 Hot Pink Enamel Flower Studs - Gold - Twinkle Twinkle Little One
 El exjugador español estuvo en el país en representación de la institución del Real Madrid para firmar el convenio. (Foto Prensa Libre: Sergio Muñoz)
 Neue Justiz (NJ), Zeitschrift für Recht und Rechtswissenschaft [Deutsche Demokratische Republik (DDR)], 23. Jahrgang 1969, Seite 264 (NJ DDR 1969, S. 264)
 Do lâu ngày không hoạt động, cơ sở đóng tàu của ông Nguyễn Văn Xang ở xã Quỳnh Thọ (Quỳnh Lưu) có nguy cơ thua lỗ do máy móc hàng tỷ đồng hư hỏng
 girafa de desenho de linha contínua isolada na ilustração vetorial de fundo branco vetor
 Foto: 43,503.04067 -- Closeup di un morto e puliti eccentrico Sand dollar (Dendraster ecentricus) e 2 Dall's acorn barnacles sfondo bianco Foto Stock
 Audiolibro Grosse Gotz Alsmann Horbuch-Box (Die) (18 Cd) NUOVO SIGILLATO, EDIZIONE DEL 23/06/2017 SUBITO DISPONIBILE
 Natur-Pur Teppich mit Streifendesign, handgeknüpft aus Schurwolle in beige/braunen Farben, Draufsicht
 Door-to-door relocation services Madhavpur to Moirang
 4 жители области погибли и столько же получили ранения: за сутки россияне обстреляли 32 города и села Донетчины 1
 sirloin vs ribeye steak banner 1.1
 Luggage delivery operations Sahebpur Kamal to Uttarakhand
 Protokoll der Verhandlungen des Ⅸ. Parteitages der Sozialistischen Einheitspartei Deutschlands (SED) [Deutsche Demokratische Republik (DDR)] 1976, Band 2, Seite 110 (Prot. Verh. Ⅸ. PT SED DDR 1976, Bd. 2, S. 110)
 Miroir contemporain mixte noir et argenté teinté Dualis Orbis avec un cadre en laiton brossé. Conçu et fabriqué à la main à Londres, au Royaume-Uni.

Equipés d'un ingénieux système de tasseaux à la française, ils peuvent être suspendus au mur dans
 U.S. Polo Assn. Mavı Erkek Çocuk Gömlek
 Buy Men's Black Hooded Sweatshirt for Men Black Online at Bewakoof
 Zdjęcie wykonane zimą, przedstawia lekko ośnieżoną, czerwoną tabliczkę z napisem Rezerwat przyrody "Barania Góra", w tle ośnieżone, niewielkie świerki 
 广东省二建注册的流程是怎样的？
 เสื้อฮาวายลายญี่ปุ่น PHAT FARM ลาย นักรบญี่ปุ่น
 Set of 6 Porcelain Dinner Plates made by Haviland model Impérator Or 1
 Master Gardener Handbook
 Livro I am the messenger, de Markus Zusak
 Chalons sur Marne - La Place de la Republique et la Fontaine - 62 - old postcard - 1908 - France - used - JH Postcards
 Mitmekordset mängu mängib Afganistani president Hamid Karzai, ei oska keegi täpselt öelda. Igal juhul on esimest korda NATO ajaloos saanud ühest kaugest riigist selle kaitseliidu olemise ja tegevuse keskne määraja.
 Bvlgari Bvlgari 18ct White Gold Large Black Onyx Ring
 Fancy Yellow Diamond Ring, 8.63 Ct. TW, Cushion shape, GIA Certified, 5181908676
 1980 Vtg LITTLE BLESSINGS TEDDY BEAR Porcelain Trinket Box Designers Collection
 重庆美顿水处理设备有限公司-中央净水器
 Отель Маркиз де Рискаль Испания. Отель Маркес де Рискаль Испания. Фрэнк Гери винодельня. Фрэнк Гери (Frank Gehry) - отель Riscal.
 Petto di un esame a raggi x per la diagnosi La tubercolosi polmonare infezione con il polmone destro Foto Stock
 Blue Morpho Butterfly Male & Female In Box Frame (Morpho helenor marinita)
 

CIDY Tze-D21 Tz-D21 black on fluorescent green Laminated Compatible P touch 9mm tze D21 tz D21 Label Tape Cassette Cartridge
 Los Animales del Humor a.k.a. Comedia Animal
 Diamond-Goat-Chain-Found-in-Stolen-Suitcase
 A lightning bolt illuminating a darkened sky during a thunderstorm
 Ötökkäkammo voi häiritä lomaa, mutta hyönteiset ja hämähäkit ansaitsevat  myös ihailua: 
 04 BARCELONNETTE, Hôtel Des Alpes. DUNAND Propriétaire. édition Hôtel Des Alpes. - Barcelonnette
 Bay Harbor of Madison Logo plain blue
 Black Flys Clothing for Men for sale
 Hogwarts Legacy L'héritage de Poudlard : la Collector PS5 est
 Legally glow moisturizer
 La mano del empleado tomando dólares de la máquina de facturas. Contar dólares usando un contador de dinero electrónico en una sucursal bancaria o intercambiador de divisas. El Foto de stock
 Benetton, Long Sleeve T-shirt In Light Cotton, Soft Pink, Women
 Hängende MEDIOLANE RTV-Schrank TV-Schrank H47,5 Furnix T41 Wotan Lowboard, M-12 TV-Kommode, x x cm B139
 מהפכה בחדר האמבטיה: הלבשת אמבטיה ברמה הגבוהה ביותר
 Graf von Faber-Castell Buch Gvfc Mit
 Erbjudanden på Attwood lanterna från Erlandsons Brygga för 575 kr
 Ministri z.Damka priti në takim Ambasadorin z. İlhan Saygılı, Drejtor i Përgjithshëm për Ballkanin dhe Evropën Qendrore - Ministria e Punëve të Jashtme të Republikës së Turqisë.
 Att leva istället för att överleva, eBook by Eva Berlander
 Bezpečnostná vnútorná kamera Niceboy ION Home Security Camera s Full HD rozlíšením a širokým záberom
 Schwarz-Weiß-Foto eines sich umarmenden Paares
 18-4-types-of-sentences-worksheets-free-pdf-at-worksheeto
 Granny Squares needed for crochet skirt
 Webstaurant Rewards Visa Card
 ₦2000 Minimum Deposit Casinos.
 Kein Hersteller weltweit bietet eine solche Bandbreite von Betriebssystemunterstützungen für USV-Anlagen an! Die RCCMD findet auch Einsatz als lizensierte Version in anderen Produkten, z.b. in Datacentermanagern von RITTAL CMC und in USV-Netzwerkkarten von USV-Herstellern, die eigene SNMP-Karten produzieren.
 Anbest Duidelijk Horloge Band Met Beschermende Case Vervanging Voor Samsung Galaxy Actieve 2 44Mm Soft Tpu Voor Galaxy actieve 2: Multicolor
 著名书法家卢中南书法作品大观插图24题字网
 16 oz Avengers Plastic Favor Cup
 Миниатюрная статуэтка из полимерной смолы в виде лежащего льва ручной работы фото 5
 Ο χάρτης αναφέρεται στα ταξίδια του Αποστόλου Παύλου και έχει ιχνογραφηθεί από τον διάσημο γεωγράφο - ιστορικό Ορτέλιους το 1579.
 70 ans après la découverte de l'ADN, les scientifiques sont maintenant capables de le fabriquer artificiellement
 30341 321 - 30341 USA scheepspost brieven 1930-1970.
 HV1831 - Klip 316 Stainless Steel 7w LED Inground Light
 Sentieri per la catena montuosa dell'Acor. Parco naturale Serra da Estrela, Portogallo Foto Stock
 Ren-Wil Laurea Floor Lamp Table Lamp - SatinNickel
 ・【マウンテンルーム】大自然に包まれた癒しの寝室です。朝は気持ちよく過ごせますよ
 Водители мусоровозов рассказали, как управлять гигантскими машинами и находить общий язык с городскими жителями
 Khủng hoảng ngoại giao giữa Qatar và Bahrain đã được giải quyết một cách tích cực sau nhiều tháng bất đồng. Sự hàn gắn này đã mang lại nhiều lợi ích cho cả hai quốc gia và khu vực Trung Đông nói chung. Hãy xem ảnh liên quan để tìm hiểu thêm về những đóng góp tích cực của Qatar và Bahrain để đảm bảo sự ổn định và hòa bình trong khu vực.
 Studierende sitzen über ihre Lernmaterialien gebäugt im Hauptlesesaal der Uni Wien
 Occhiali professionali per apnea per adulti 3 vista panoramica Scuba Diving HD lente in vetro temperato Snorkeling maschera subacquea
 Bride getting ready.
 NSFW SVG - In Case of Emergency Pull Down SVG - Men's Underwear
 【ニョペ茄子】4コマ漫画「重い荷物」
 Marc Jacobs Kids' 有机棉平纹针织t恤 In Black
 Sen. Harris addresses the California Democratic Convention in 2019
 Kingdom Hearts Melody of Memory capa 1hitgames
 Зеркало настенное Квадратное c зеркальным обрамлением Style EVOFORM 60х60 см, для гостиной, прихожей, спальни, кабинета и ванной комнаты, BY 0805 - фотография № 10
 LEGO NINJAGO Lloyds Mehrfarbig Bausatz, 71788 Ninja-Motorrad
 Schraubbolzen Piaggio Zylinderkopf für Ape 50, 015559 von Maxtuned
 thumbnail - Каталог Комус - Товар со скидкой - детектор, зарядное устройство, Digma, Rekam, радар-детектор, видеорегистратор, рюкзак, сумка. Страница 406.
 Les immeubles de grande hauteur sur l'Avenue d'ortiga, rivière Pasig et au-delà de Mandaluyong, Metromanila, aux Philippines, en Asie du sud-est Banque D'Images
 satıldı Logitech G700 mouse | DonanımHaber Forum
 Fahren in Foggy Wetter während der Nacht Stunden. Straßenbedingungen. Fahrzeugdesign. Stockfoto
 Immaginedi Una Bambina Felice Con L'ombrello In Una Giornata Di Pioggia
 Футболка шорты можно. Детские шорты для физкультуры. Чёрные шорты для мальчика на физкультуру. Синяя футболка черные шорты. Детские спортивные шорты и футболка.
━━━━━━━━━━━━━━━━━━━━━━━━━━━━━━
Each line above that contains the word "đóng" counts once; give the total and no other text.

2